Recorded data
■ ■ ■ ■ ■

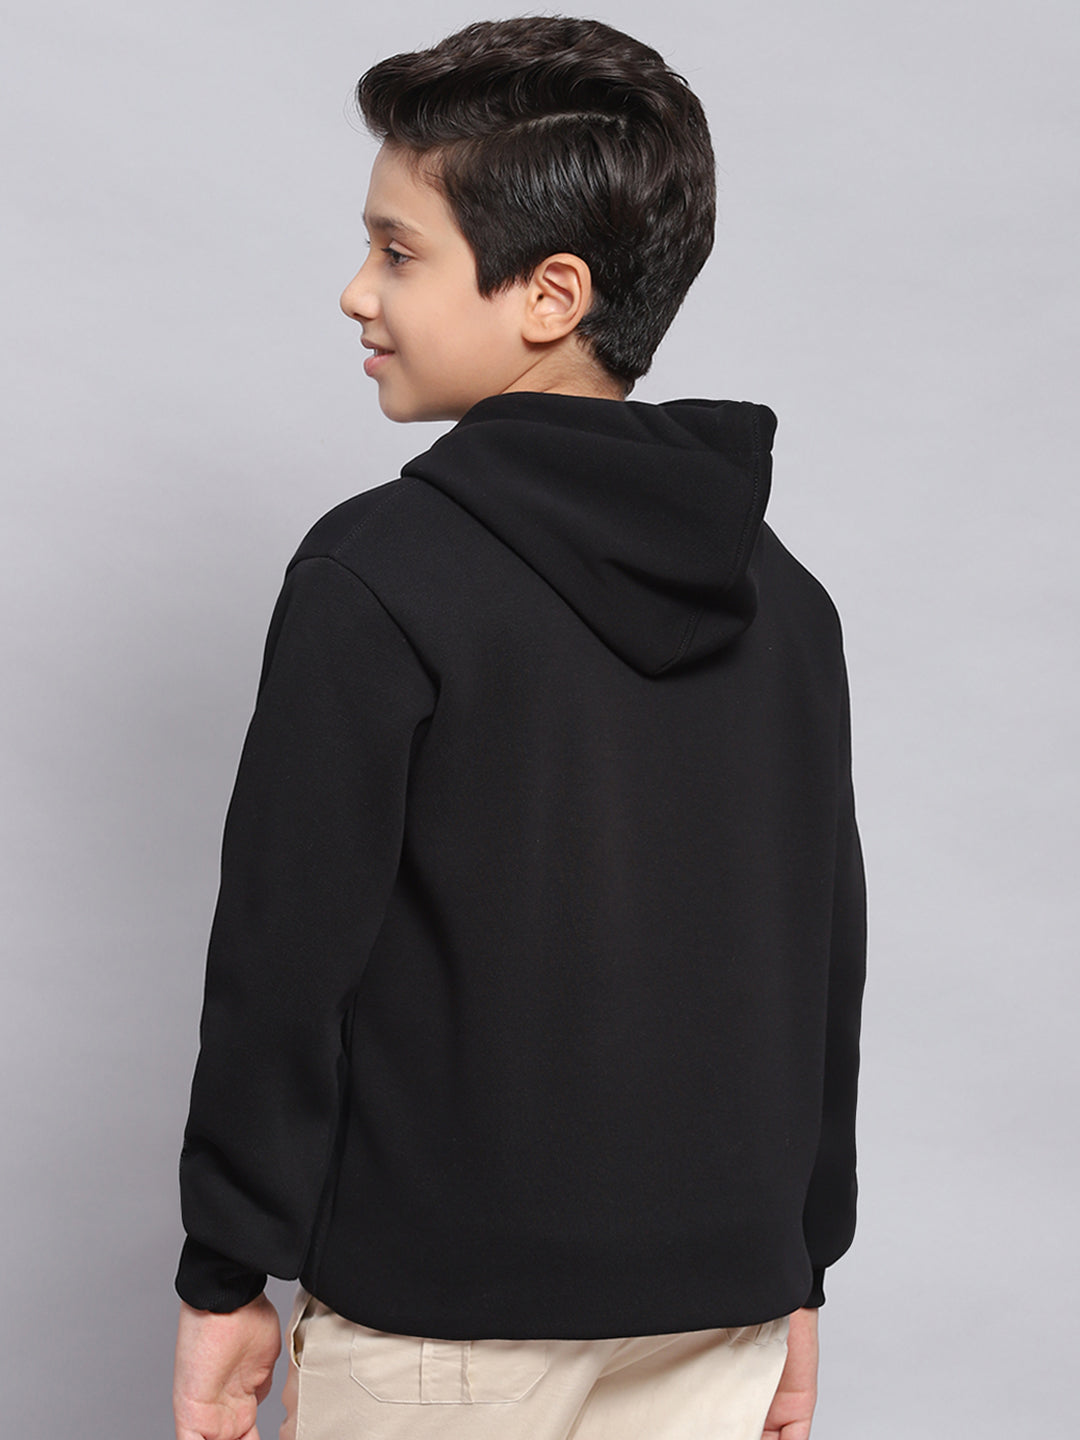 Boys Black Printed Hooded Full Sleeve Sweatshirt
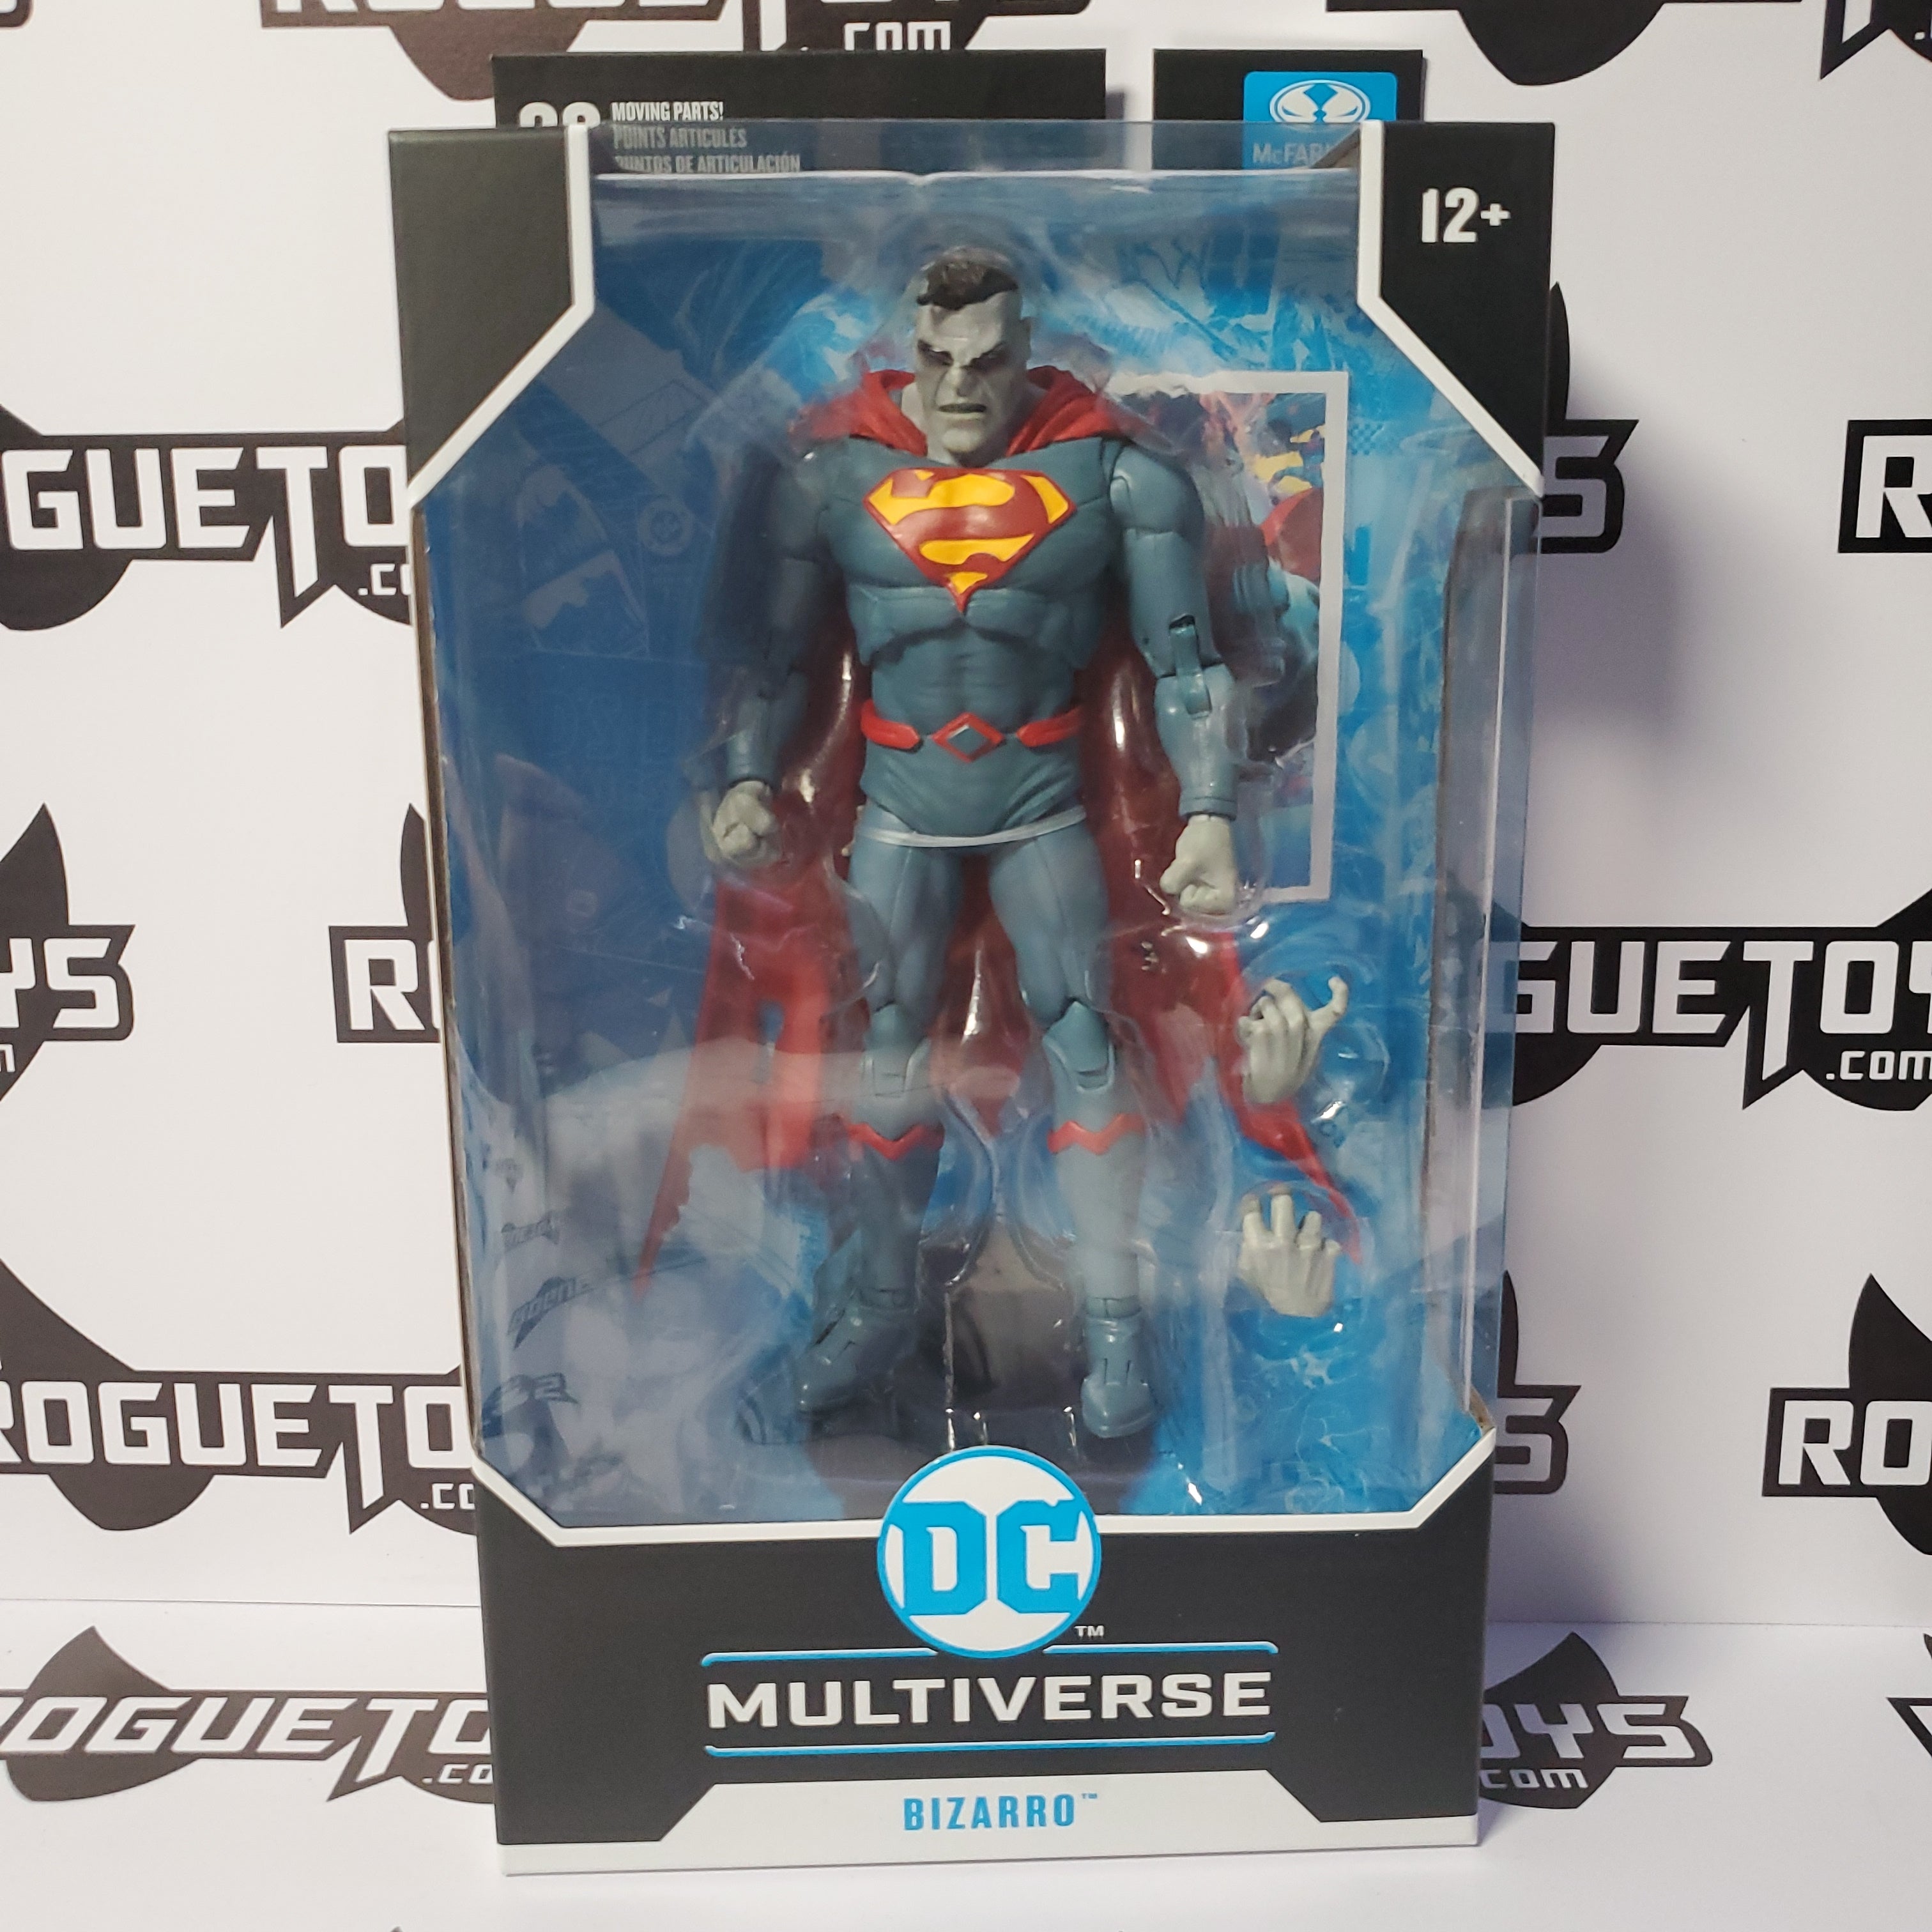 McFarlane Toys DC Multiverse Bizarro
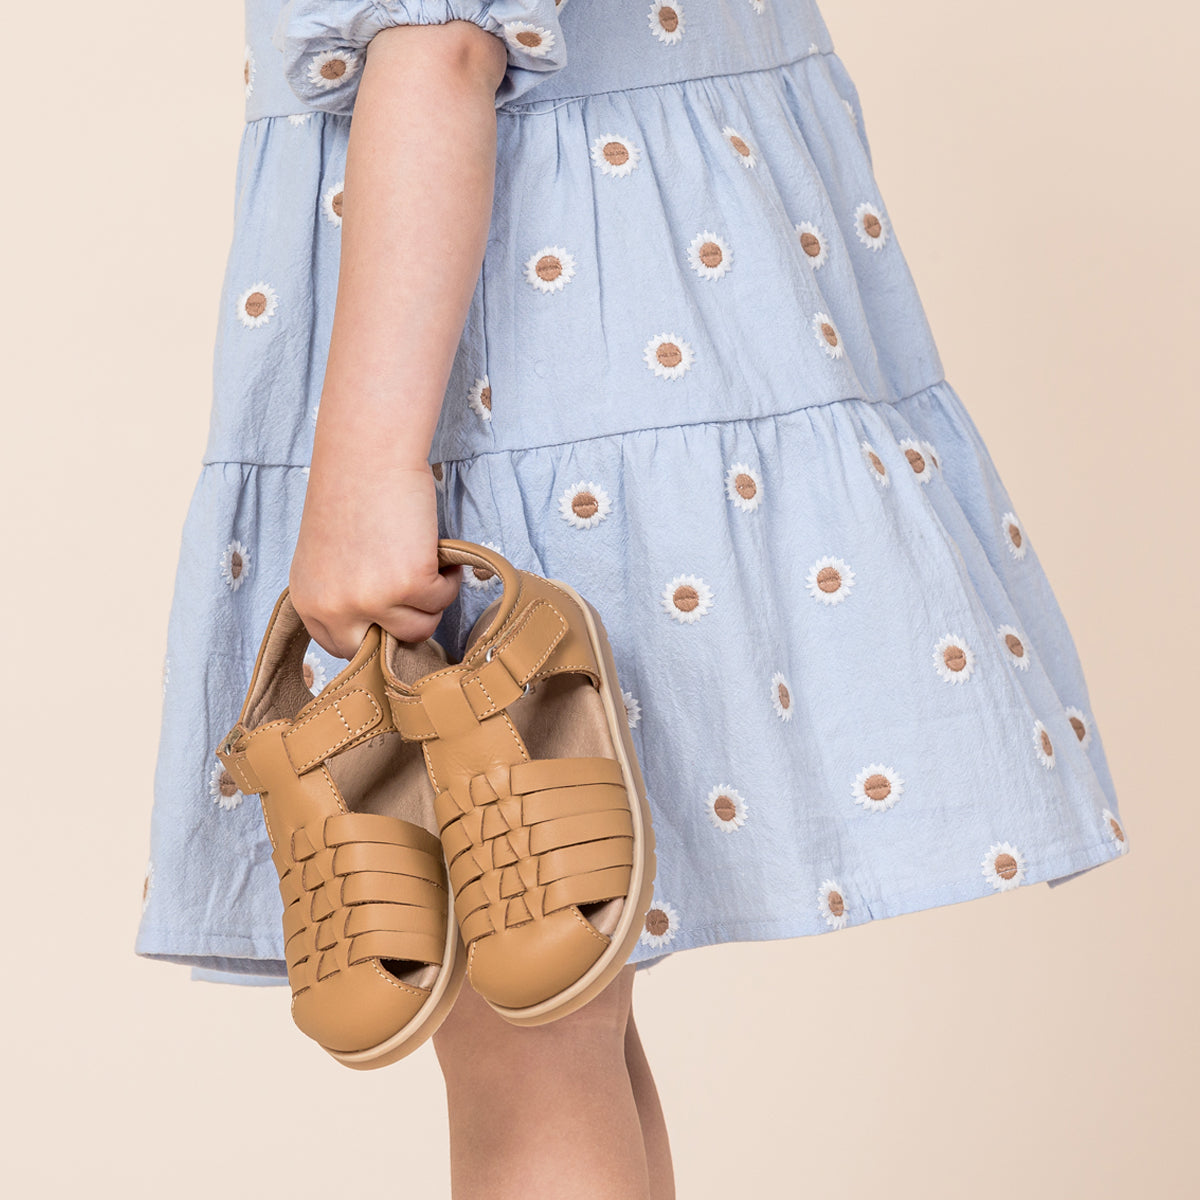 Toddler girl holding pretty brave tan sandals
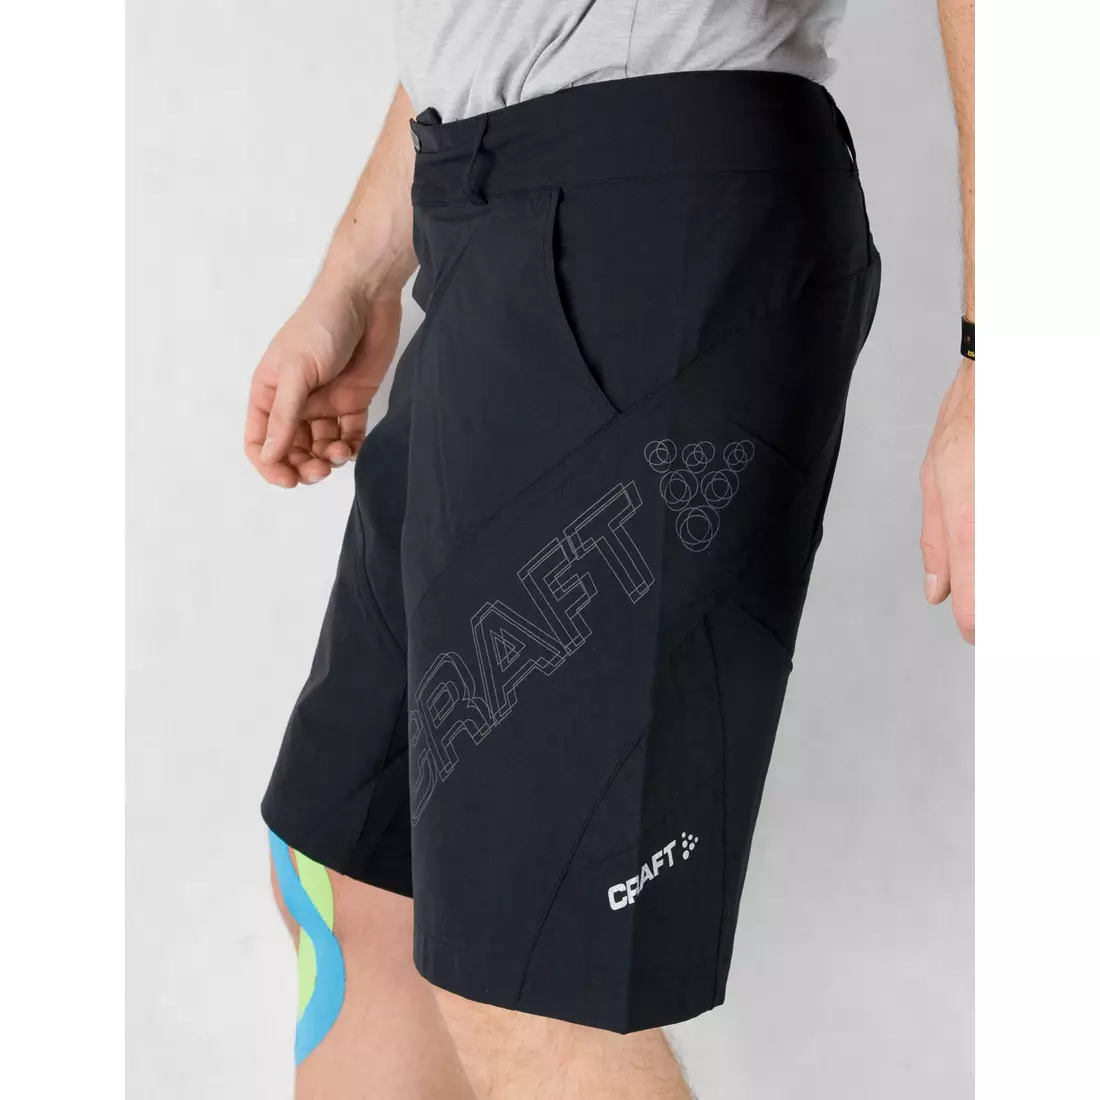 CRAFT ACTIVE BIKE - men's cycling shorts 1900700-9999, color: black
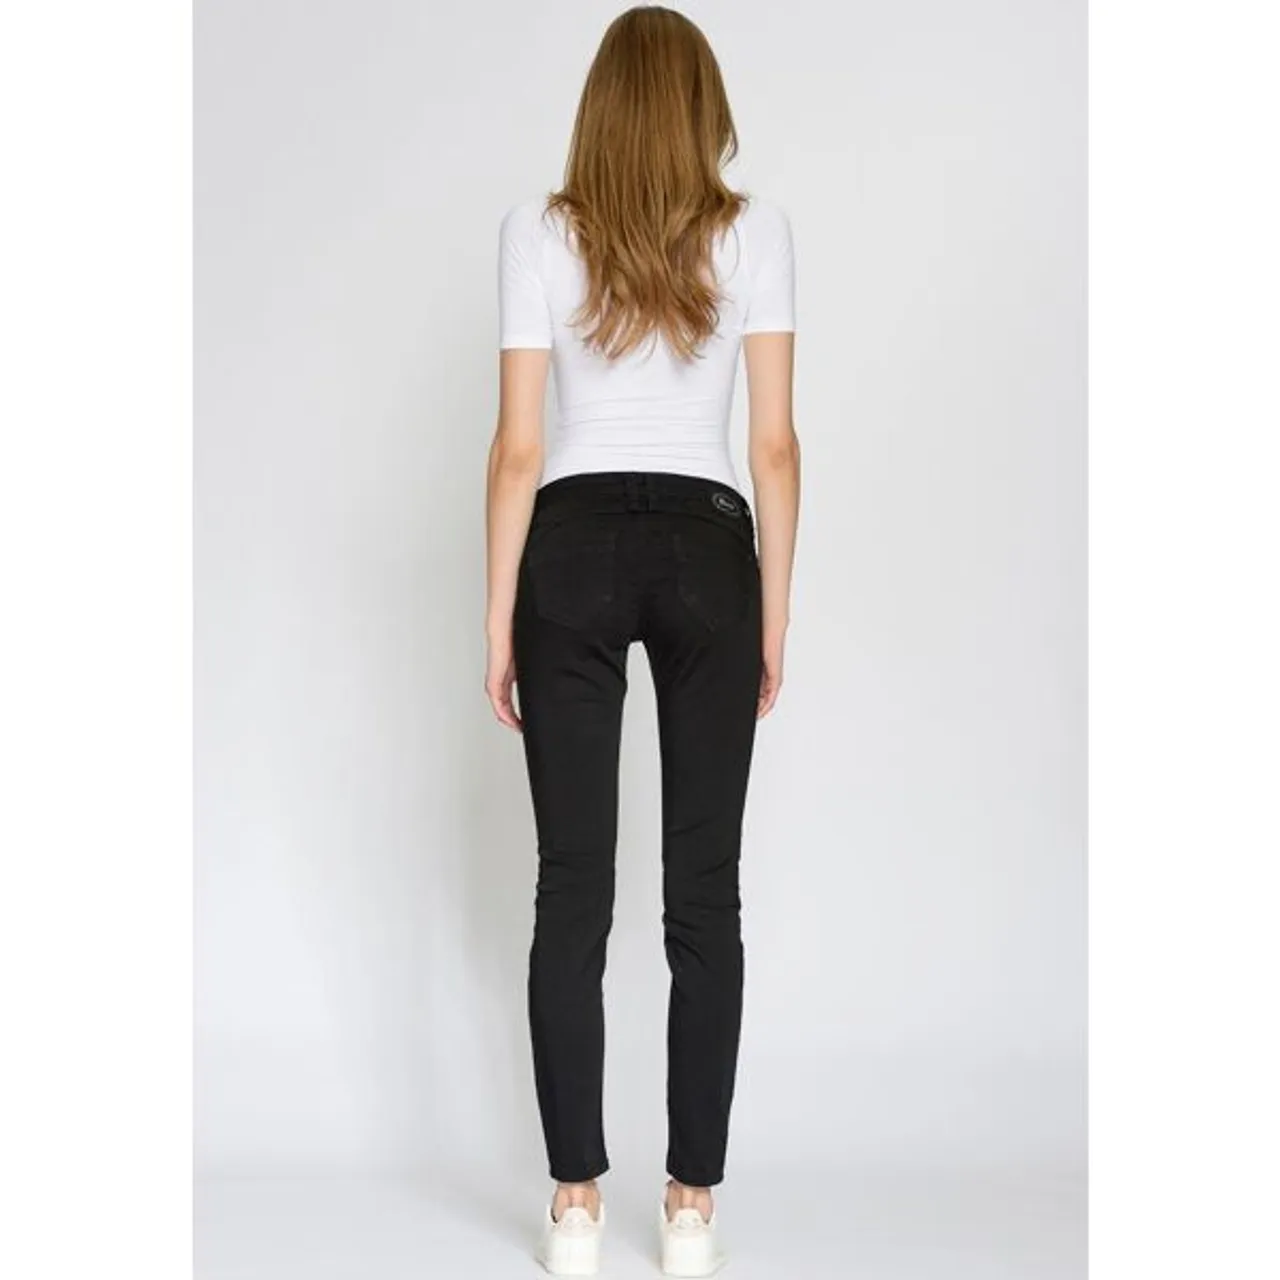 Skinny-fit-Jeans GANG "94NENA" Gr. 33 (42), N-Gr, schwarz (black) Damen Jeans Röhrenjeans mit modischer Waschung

■ ■ ■ ■ ■

• **WORK INSTRUCTION**
Copy the data in full. No pictures belong in the copy.

• **RESPONSE BELOW**
 Boys Black Printed Hooded Full Sleeve Sweatshirt
 McFarlane Toys DC Multiverse Bizarro
 Toddler girl holding pretty brave tan sandals
 CRAFT ACTIVE BIKE - men's cycling shorts 1900700-9999, color: black
 Skinny-fit-Jeans GANG "94NENA" Gr. 33 (42), N-Gr, schwarz (black) Damen Jeans Röhrenjeans mit modischer Waschung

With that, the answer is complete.